I do not understand how to apply step_pca to preprocess my data-CodePudding

I am trying to understand how to apply step_pca to preprocess my data. Suppose I want to build a K-Nearest Neighbor classifier to the iris dataset. For the sake of simplicity, I will not split the original iris dataset into train and test. I will assume iris is the train dataset and I have some other observations as my test dataset.

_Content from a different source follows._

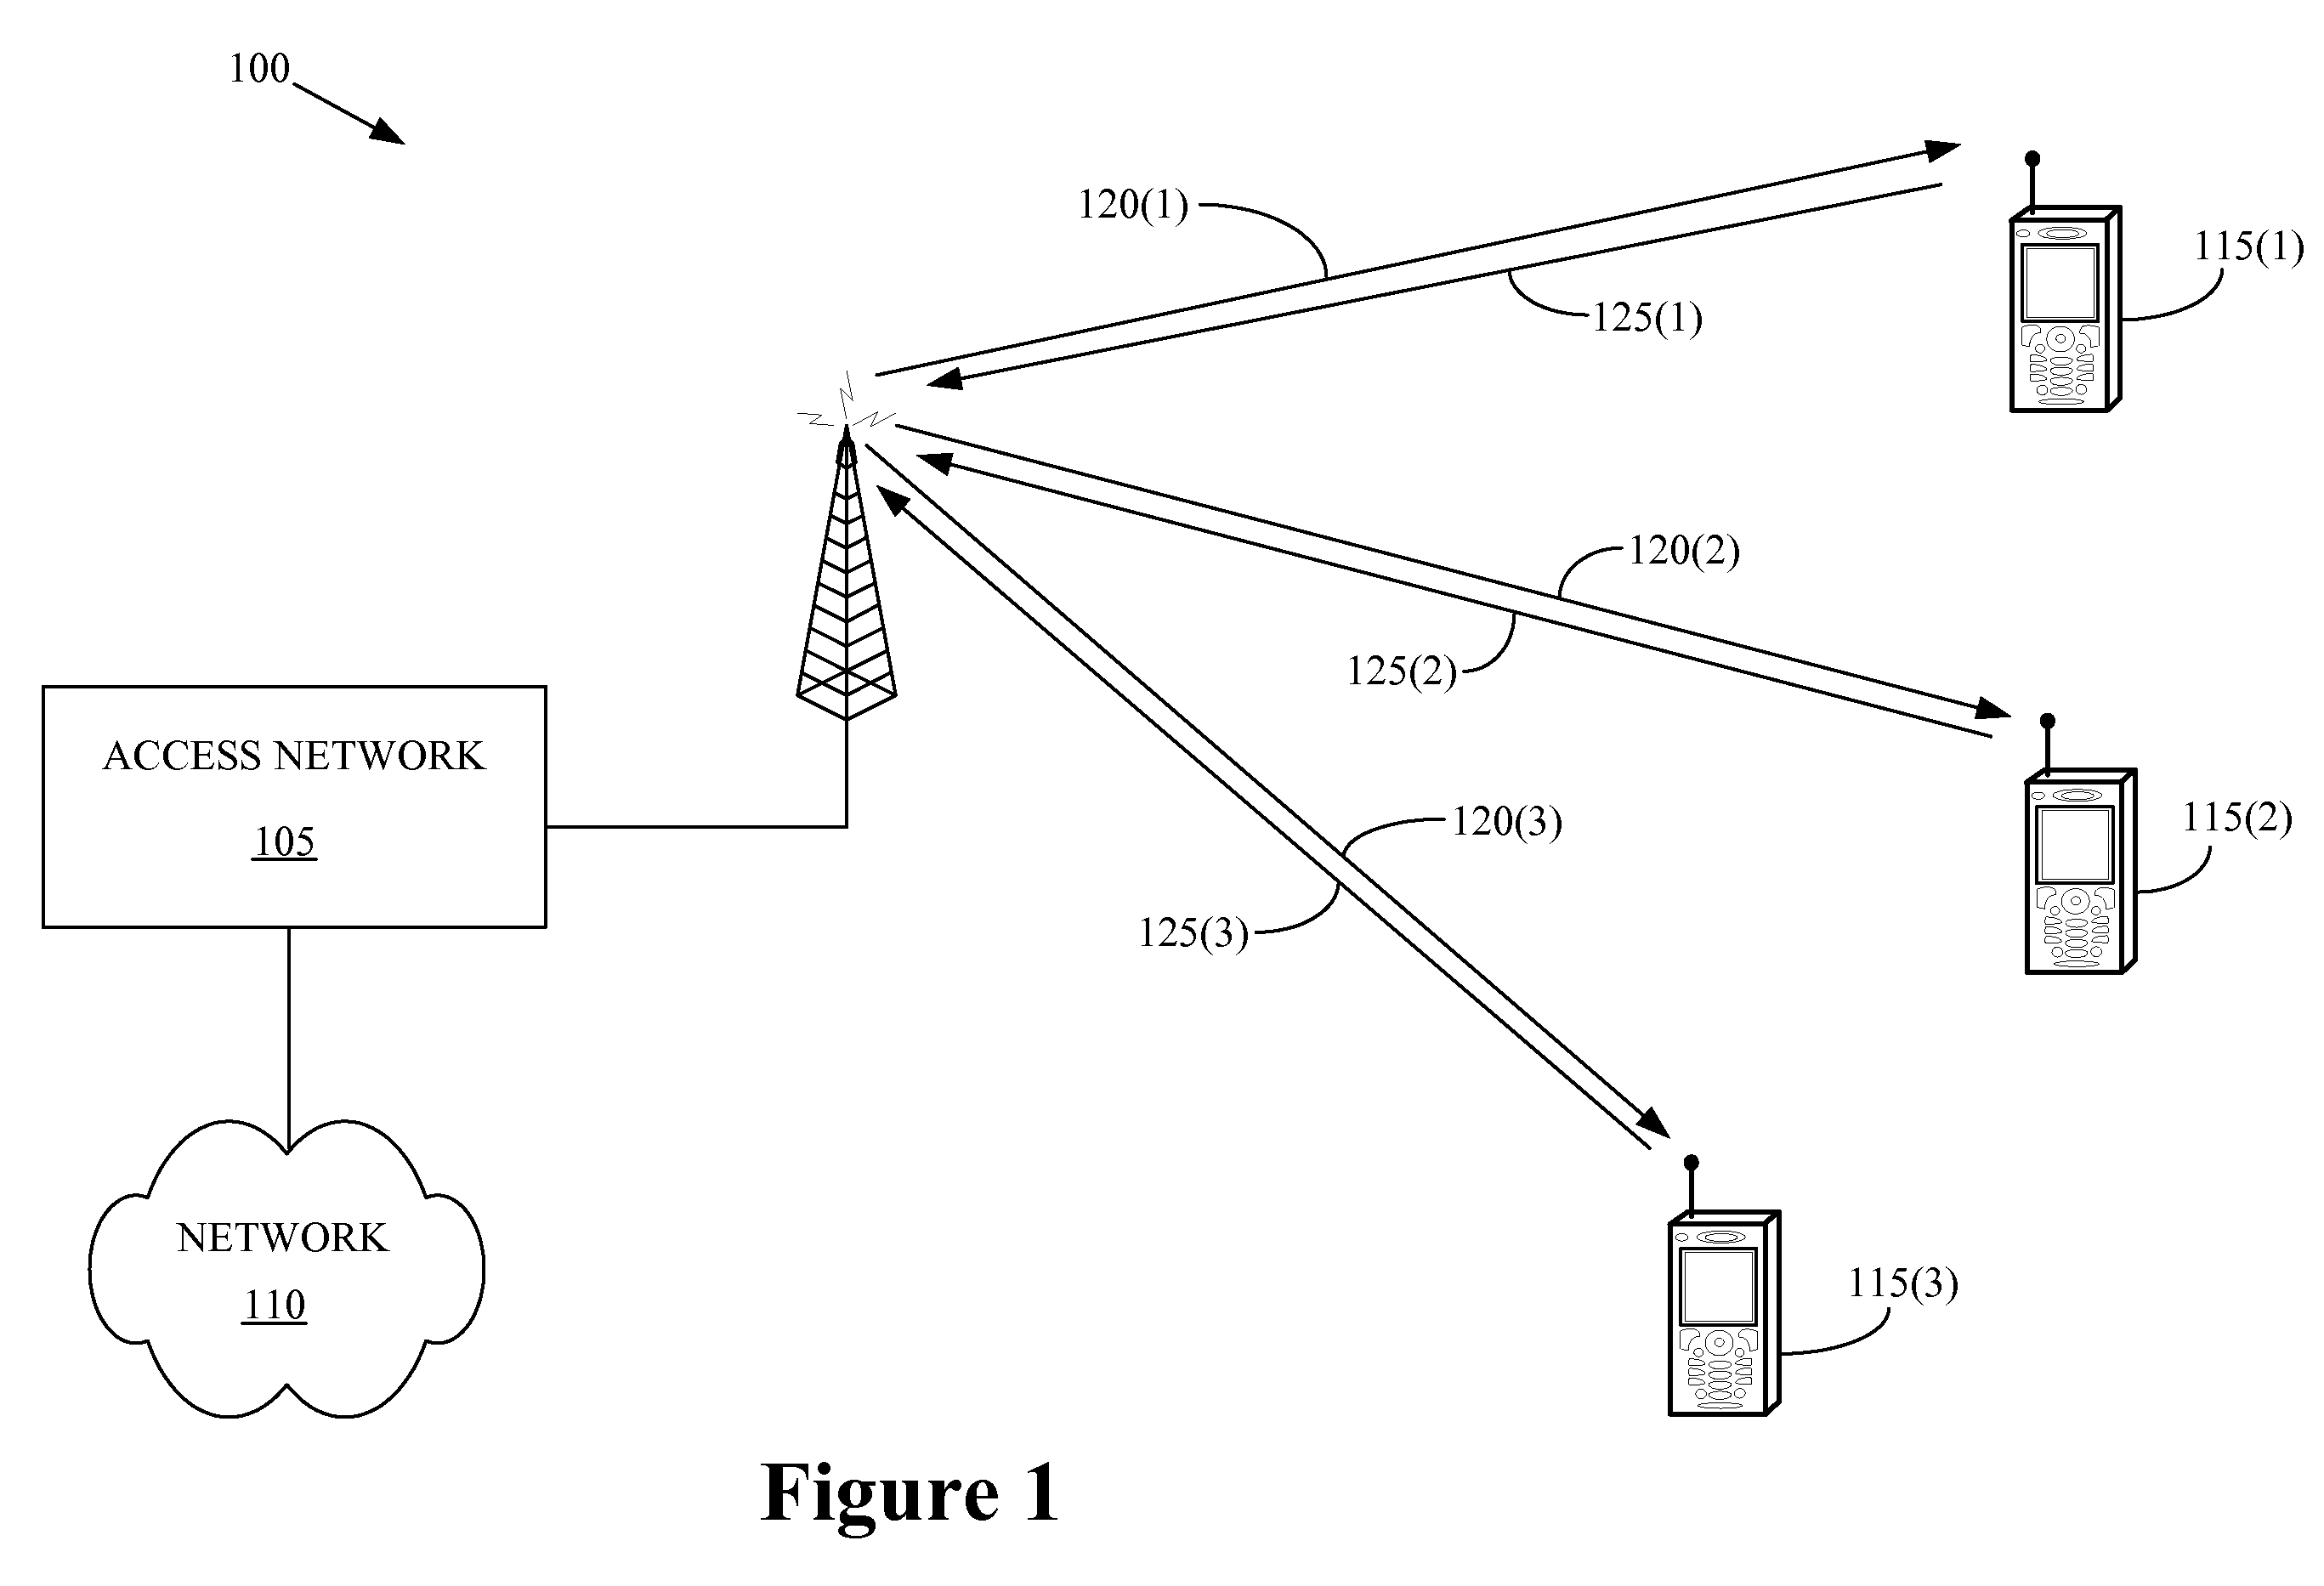 Method of controlling mobile unit response messages on an access channel

I want to apply three transformations to the predictors in my train dataset:

Center all predictor variables
Scale all predictor variables
PCA transform all predictor variables and keep a number of them that explains, at least, 80% of my data variance

So this is what I have:

library(tidymodels)

iris_rec <- 
  recipe(Species ~ ., 
         data = iris) %>%
  # center/scale
  step_center(-Species) %>%
  step_scale(-Species) %>%
  # pca
  step_pca(-Species, threshold = 0.8) %>%
  # apply data transformation
  prep()

iris_rec
#> Recipe
#> 
#> Inputs:
#> 
#>       role #variables
#>    outcome          1
#>  predictor          4
#> 
#> Training data contained 150 data points and no missing data.
#> 
#> Operations:
#> 
#> Centering for Sepal.Length, Sepal.Width, Petal.Length, Petal.... [trained]
#> Scaling for Sepal.Length, Sepal.Width, Petal.Length, Petal.... [trained]
#> PCA extraction with Sepal.Length, Sepal.Width, Petal.Length, Petal.W... [trained]

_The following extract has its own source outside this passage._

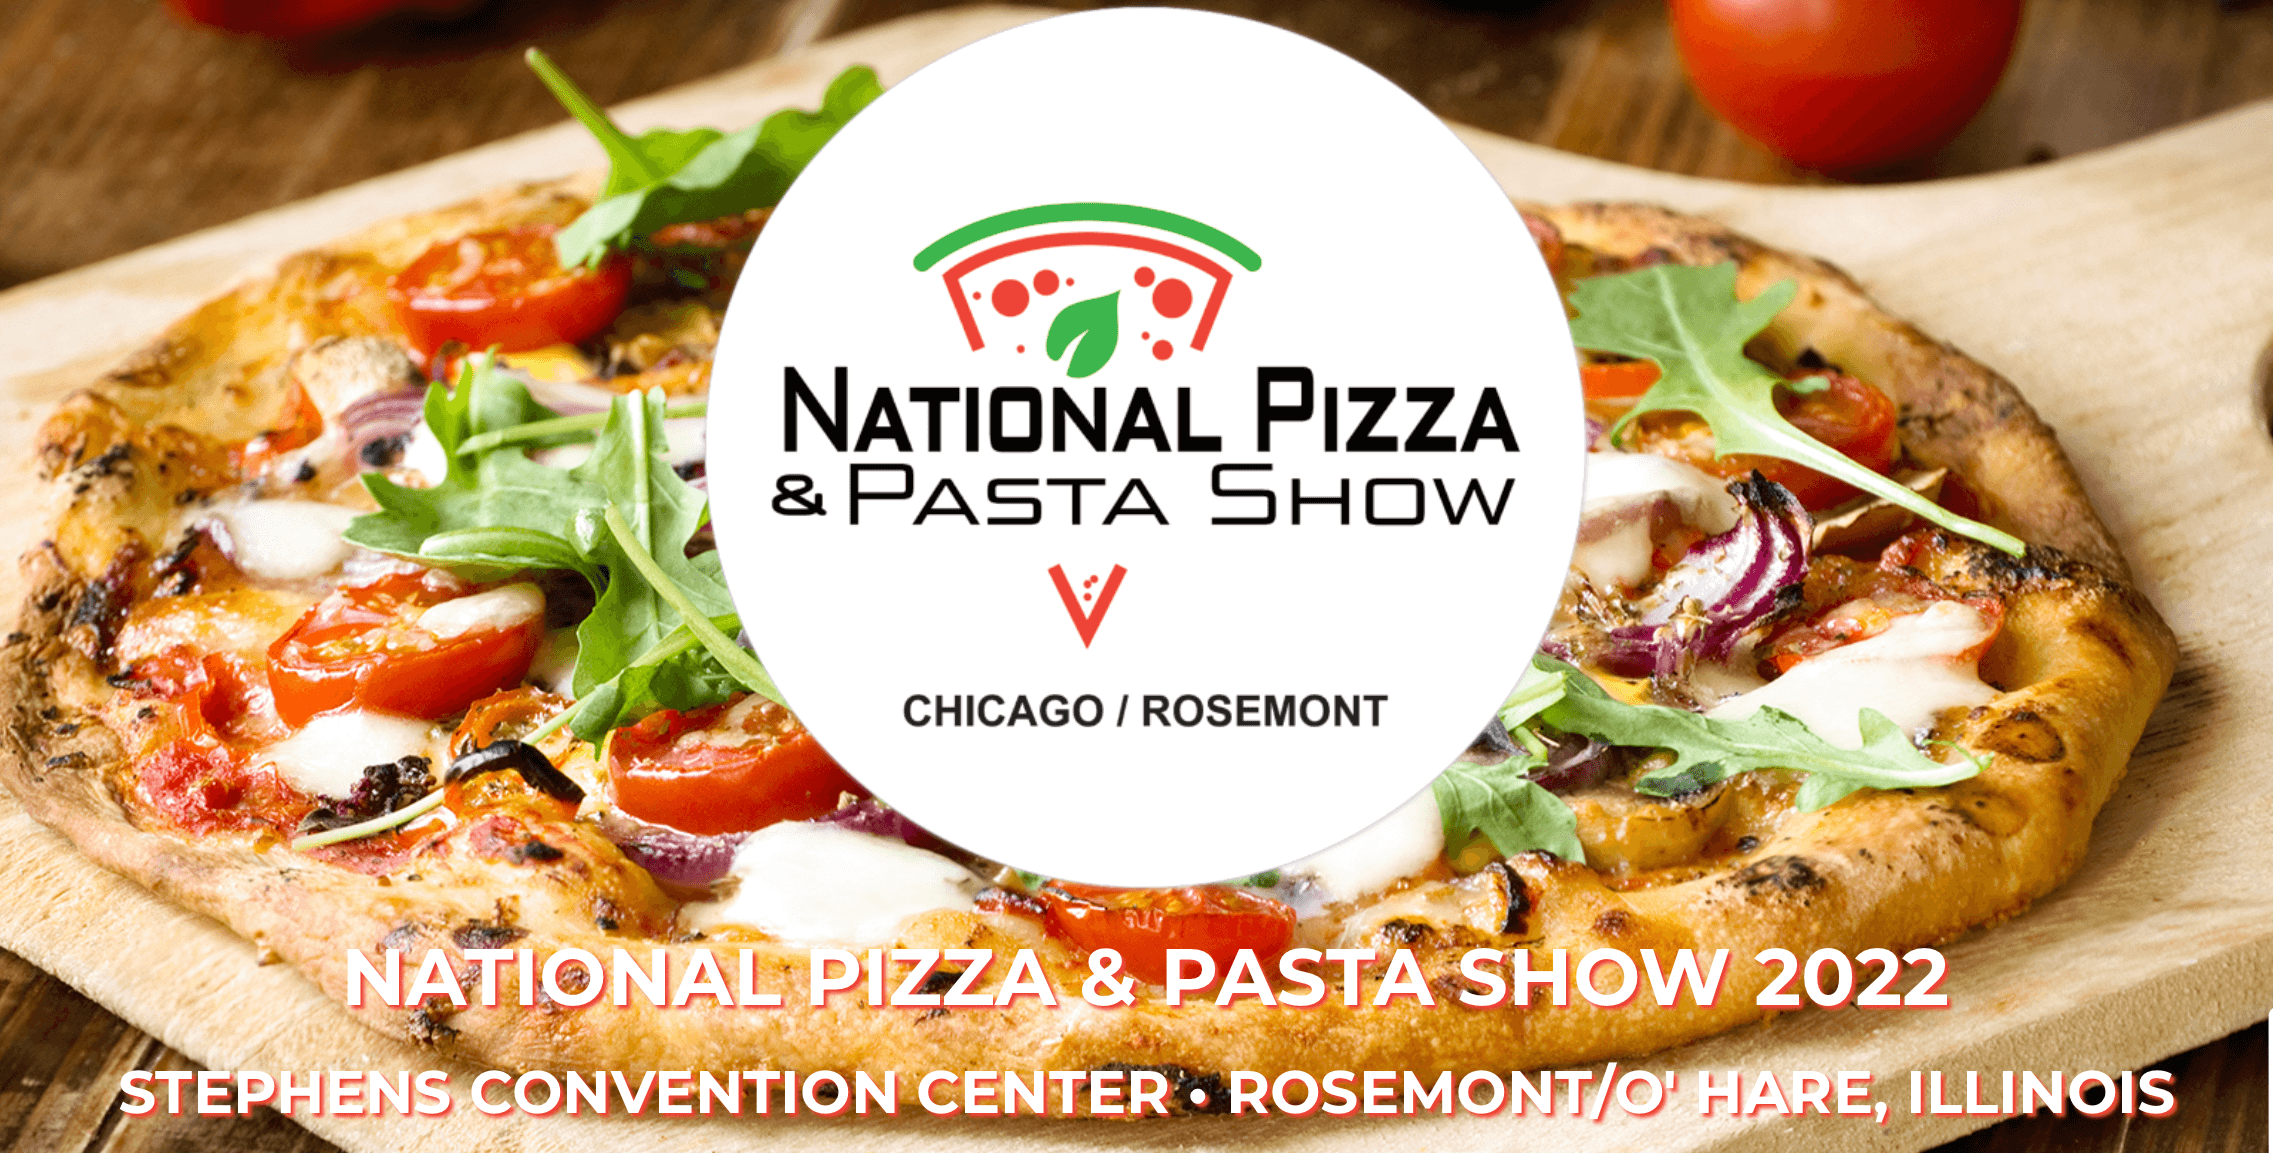 National pizza and pasta show chicago

^{Created on 2022-10-13 with reprex v2.0.2}

Ok, so far, so good. All the transformations are applied to my dataset. When I prepare my train dataset using juice, everything goes as expected:

# transformed training set

iris_train_t <- juice(iris_rec)

iris_train_t
#> # A tibble: 150 × 3
#>    Species   PC1     PC2
#>    <fct>   <dbl>   <dbl>
#>  1 setosa  -2.26 -0.478 
#>  2 setosa  -2.07  0.672 
#>  3 setosa  -2.36  0.341 
#>  4 setosa  -2.29  0.595 
#>  5 setosa  -2.38 -0.645 
#>  6 setosa  -2.07 -1.48  
#>  7 setosa  -2.44 -0.0475
#>  8 setosa  -2.23 -0.222 
#>  9 setosa  -2.33  1.11  
#> 10 setosa  -2.18  0.467 
#> # … with 140 more rows

^{Created on 2022-10-13 with reprex v2.0.2}

So, I have two predictors based on PCA (PC1 and PC2) and my response variable. However, when I proceed with my modelling, I get an error: all the models I test fail, as you can see below:

# cross validation

set.seed(2022)

iris_train_cv <- vfold_cv(iris_train_t, v = 5)

# tuning

iris_knn_tune <-
  nearest_neighbor(
    neighbors = tune(),
    weight_func = tune(),
    dist_power = tune()
  ) %>%
  set_engine("kknn") %>%
  set_mode("classification")

# grid search

iris_knn_grid <- 
  grid_regular(neighbors(range = c(3, 9)),
               weight_func(),
               dist_power(),
               levels = c(22, 2, 2))

# workflow creation

iris_wflow <- 
  workflow() %>% 
  add_recipe(iris_rec) %>%
  add_model(iris_knn_tune)

# model assessment

iris_knn_fit_tune <- 
  iris_wflow %>% 
  tune_grid(
    resamples = iris_train_cv,
    grid = iris_knn_grid
  )
#> x Fold1: preprocessor 1/1:
#>   Error in `check_training_set()`:
#>   ! Not all variables in the recipe are present in the supplied training...
#> x Fold2: preprocessor 1/1:
#>   Error in `check_training_set()`:
#>   ! Not all variables in the recipe are present in the supplied training...
#> x Fold3: preprocessor 1/1:
#>   Error in `check_training_set()`:
#>   ! Not all variables in the recipe are present in the supplied training...
#> x Fold4: preprocessor 1/1:
#>   Error in `check_training_set()`:
#>   ! Not all variables in the recipe are present in the supplied training...
#> x Fold5: preprocessor 1/1:
#>   Error in `check_training_set()`:
#>   ! Not all variables in the recipe are present in the supplied training...
#> Warning: All models failed. Run `show_notes(.Last.tune.result)` for more
#> information.

# cv results

collect_metrics(iris_knn_fit_tune)
#> Error in `estimate_tune_results()`:
#> ! All of the models failed. See the .notes column.

#> Backtrace:
#>     ▆
#>  1. ├─tune::collect_metrics(iris_knn_fit_tune)
#>  2. └─tune:::collect_metrics.tune_results(iris_knn_fit_tune)
#>  3.   └─tune::estimate_tune_results(x)
#>  4.     └─rlang::abort("All of the models failed. See the .notes column.")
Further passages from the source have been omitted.